Curiosamente el aspecto más
injusto de toda esta cuestión, el atentado a la esencia misma del pueblo de
Israel, su fe religiosa, no se tuvo en cuenta. Desde una óptica de máximo
religioso -summum ius, summa iniuria- la fe mosaica era el verdadero mal
que había que estirpar, invitando in extremis a los judíos a salvarse a
sí mismos mediante el reconocimiento de la verdad.
En cambio, en la documentación que
rodea al Decreto y muchos menos en el texto de éste, no existe ninguna
referencia al proceso del llamado Santo Niño de La Guardia (Toledo), a
pesar de que era muy reciente (17 de diciembre de 1490-16 de noviembre de 1491)
y de que, con las declaraciones arrancadas por persuasión o por tortura,
proporcionaba el material idóneo para la difamación de los judíos4.En esta
ocasión los investigadores no se encuentran tan sólo con noticias acerca de dos
crímenes rituales, profanación de la Hostia y asesinato ritual de un niño, sino
con pliegos de papel en que se contienen declaraciones de los acusados, la más
importante de todas la del judío Joseph Franco, vecino de Tembleque. Conviene
advertir que hubo la intención de unir en el delito a judíos y conversos,
cargando la mano en desfavor de éstos, que aparecen como principales culpables.

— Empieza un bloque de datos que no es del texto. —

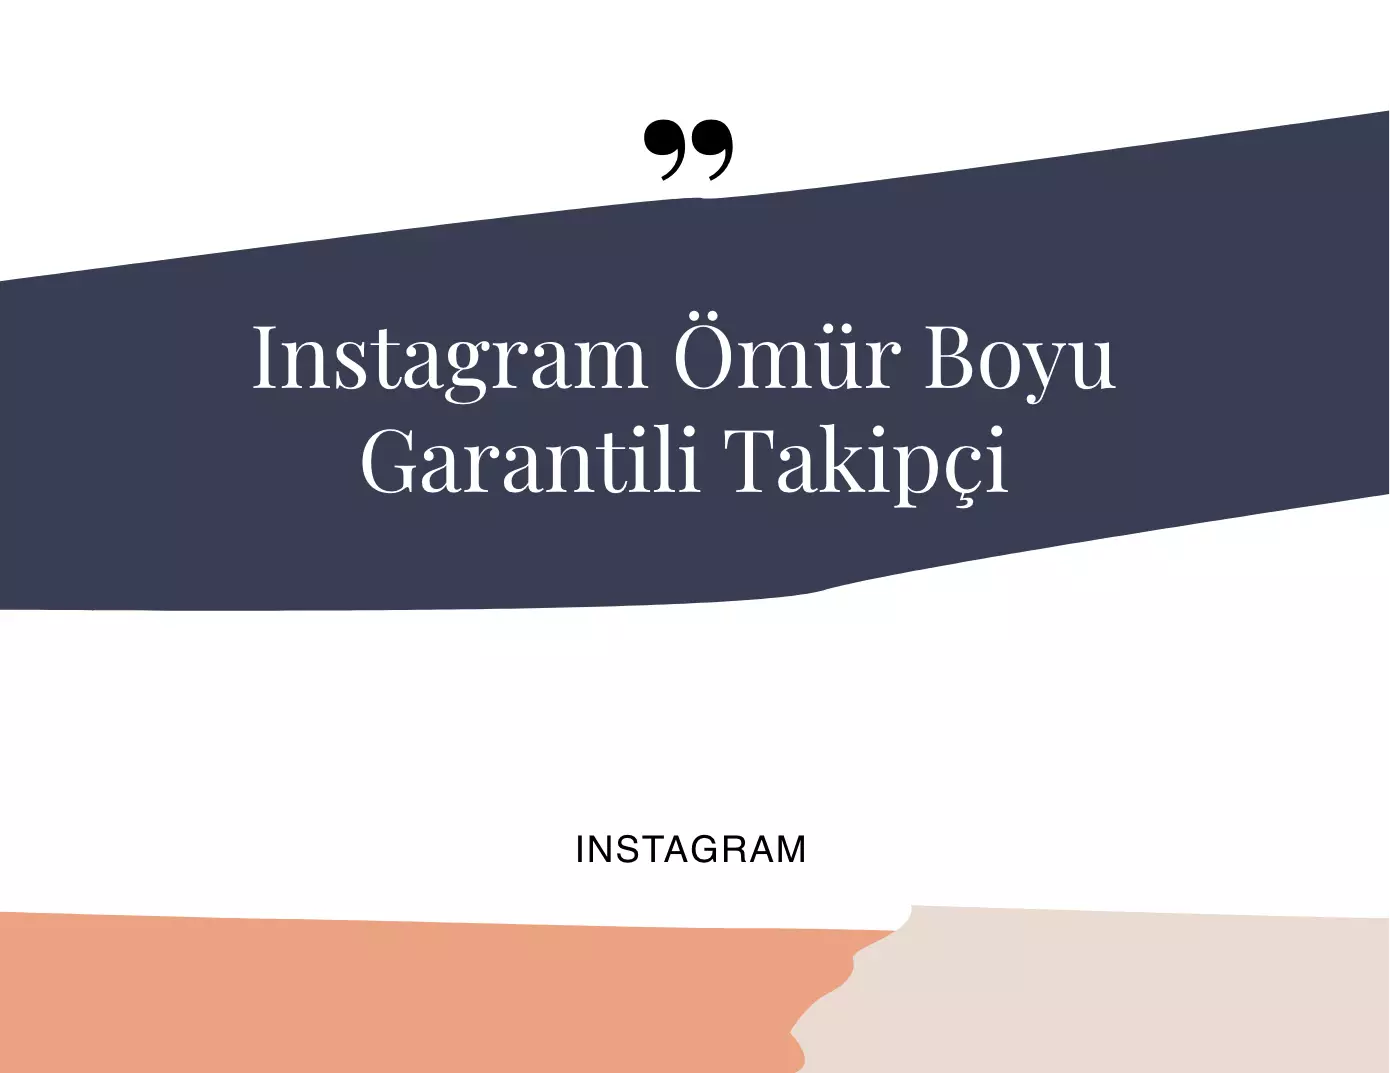 Instagram Ömür Boyu Garantili Takipçi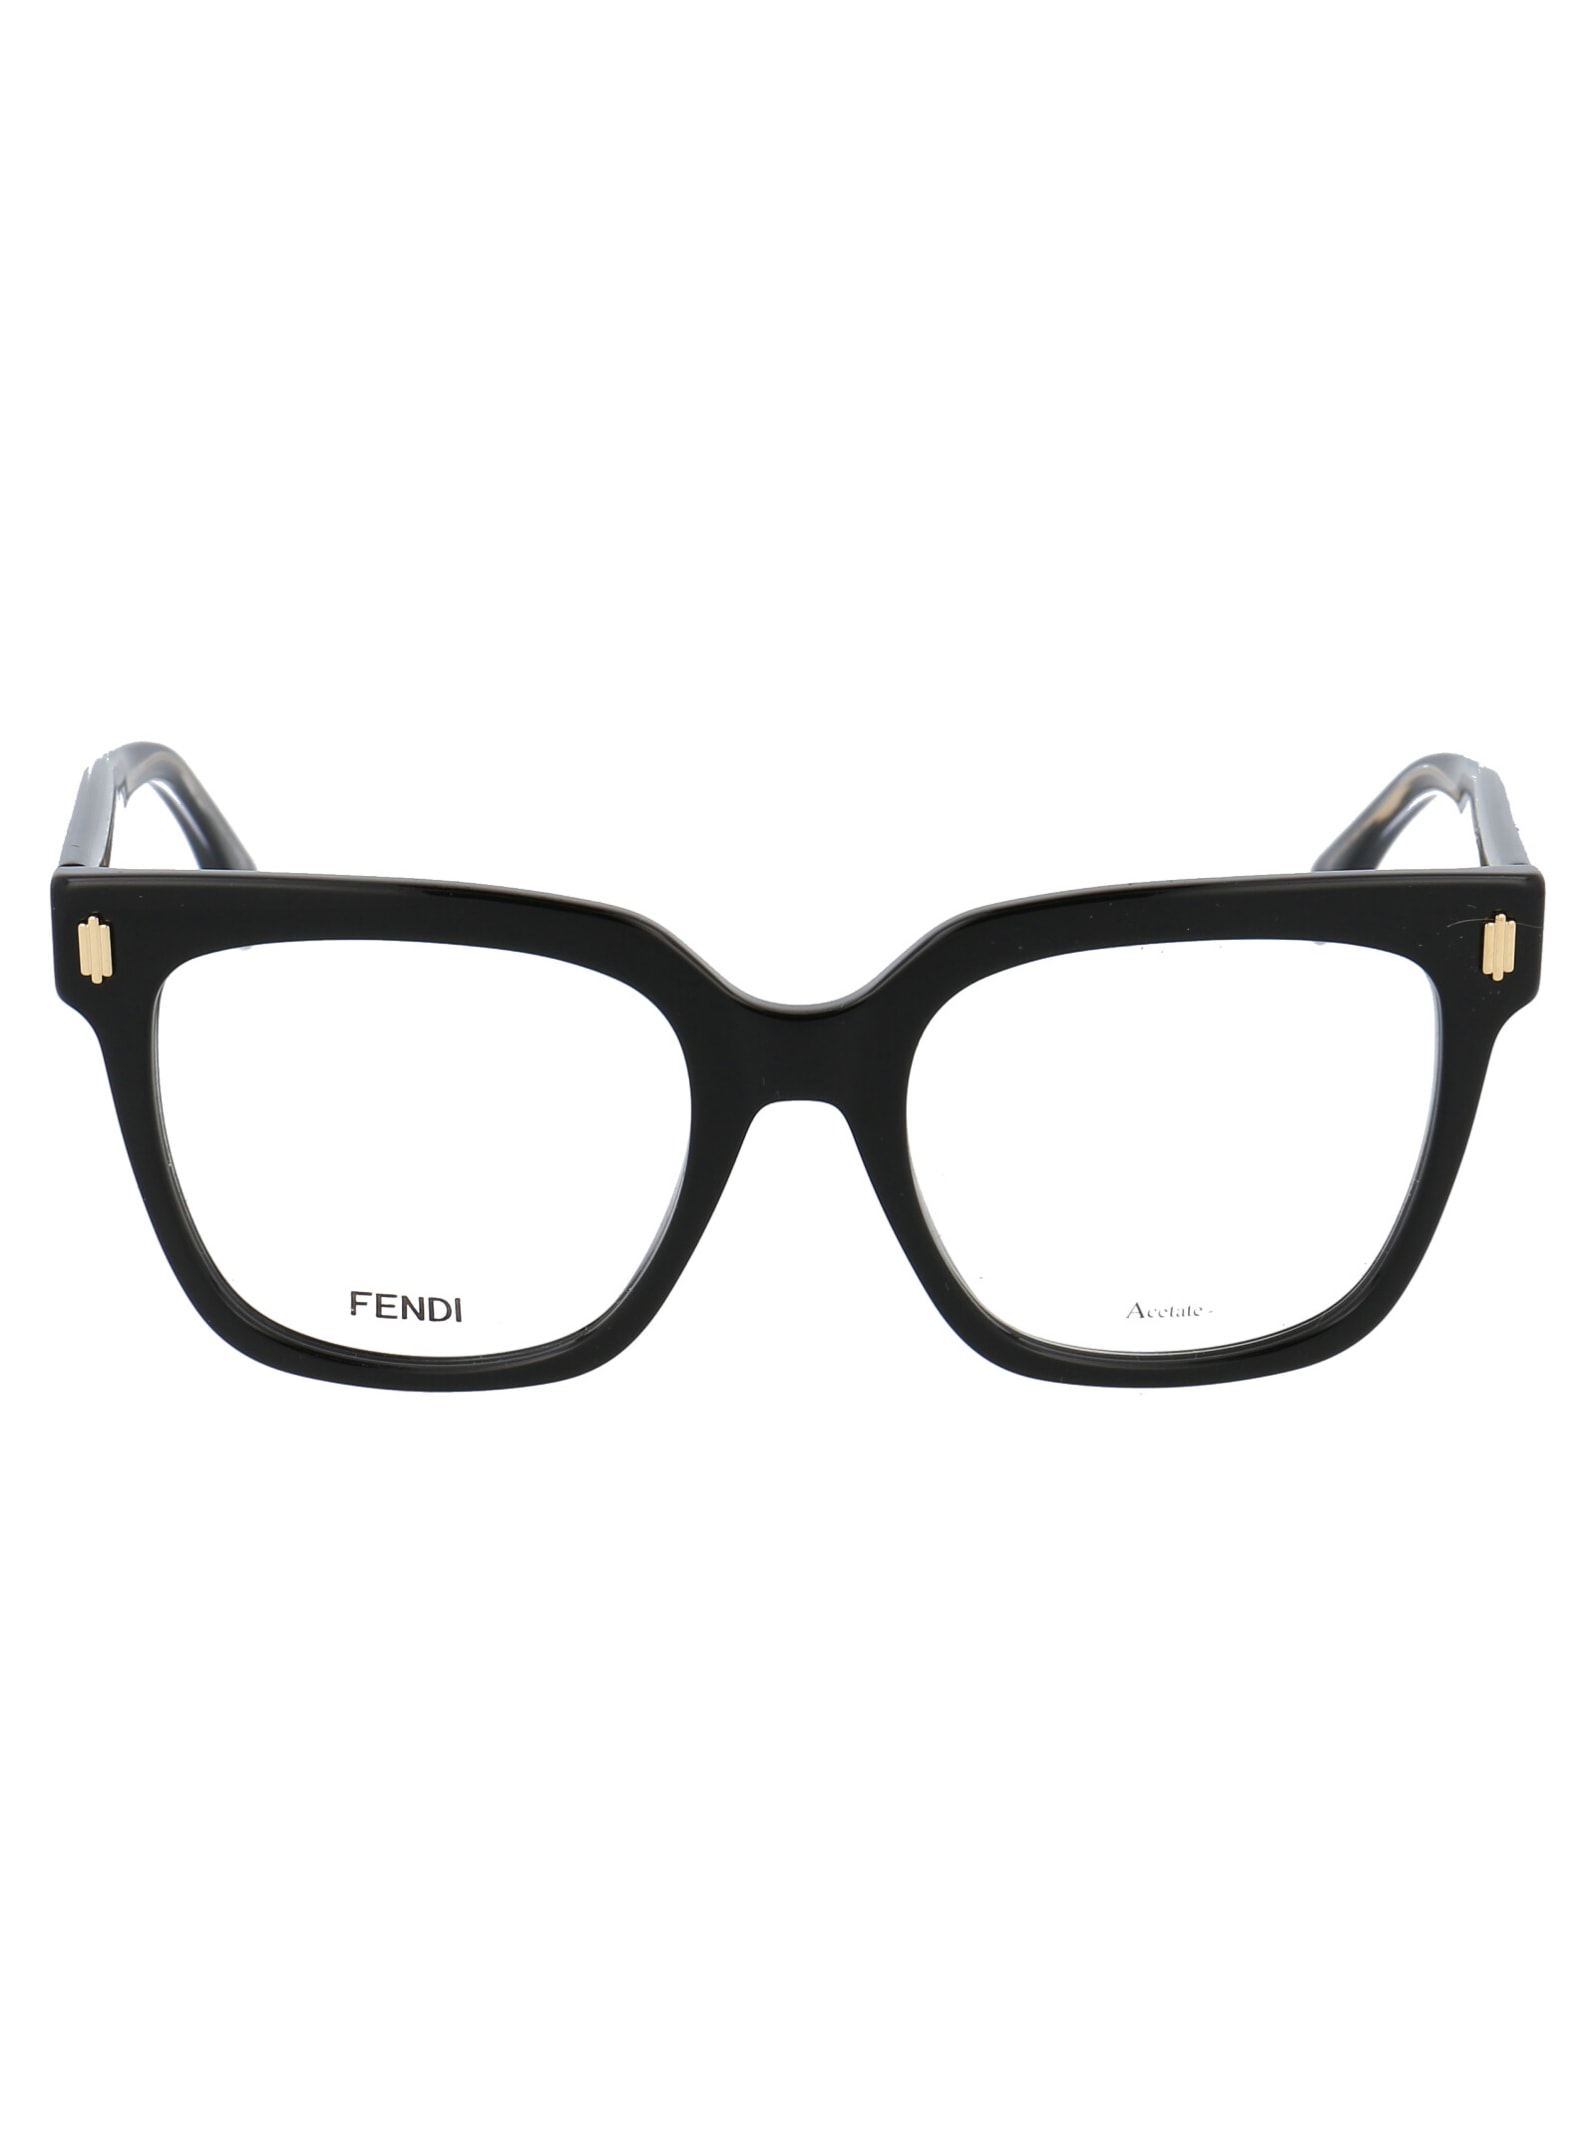 Fendi Ff 0463 Glasses In 807 Black

No me parece relevante hacer aquí el relato detallado del proceso, que Fita ya
estudió hace muchos años. Sí, en cambio, extraer unos pocos rasgos
significativos.
El proceso comenzó en junio de
1490 cuando fue preso en Astorga Benito García, converso de La Guardia, de
quien se dijo que llevaba en su equipaje una Forma ya consagrada. Puede
suponerse, por sus propias declaraciones, que tenía intención de retornar al
judaísmo. Pasaron varios meses antes de que apareciesen otros cargos que
implicaban a dos judíos, el zapatero Joseph Franco y su amigo Mosés Benami, y a
otros seis conversos. Se trataba ahora de los dos crímenes rituales: robo o
compra de una Forma y asesinato de un niño, cuyo nombre no se mencionó jamás,
para someter a su corazón a ritos mágicos. Hay otros dos detalles
significativos. En un determinado momento del proceso, cuando vieron que la
situación se estaba haciendo grave, los dos acusados judíos solicitaron que
interviniese su rabino mayor, Abraham Seneor, pero esto no se produjo e
ignoramos las causas. Por su parte el inquisidor general, Torquemada, que
estuvo minuciosamente informado del proceso, se negó a intervenir en él
alegando sus múltiples ocupaciones. Seguramente lo que importaba a los
promotores del proceso era llegar a un acto público de ejecución, como el que
tuvo lugar en Avila el 16 de noviembre de 1491. Joseph Franco, principal
testigo y hombre bastante simple si juzgamos por sus respuestas, no conoció la
sentencia hasta muy poco antes de ser quemado.
Para una sociedad tan penetrada de
fantásticos temores, tan inclinada a creer en la magia, el final del proceso
parecía poner un sello tangible a los dos crímenes que con tanta insistencia se
atribuyeran a los judíos. Mucha debió de ser la importancia otorgada por la
Inquisición a este proceso cuando se arriesgó a incurrir en el grave defecto de
apoyar la acusación en el testimonio de un judío asustado y torturado, contra
cristianos. No poseemos, sin embargo, ningún dato que permita asegurar que haya
influido en la determinación de los Reyes.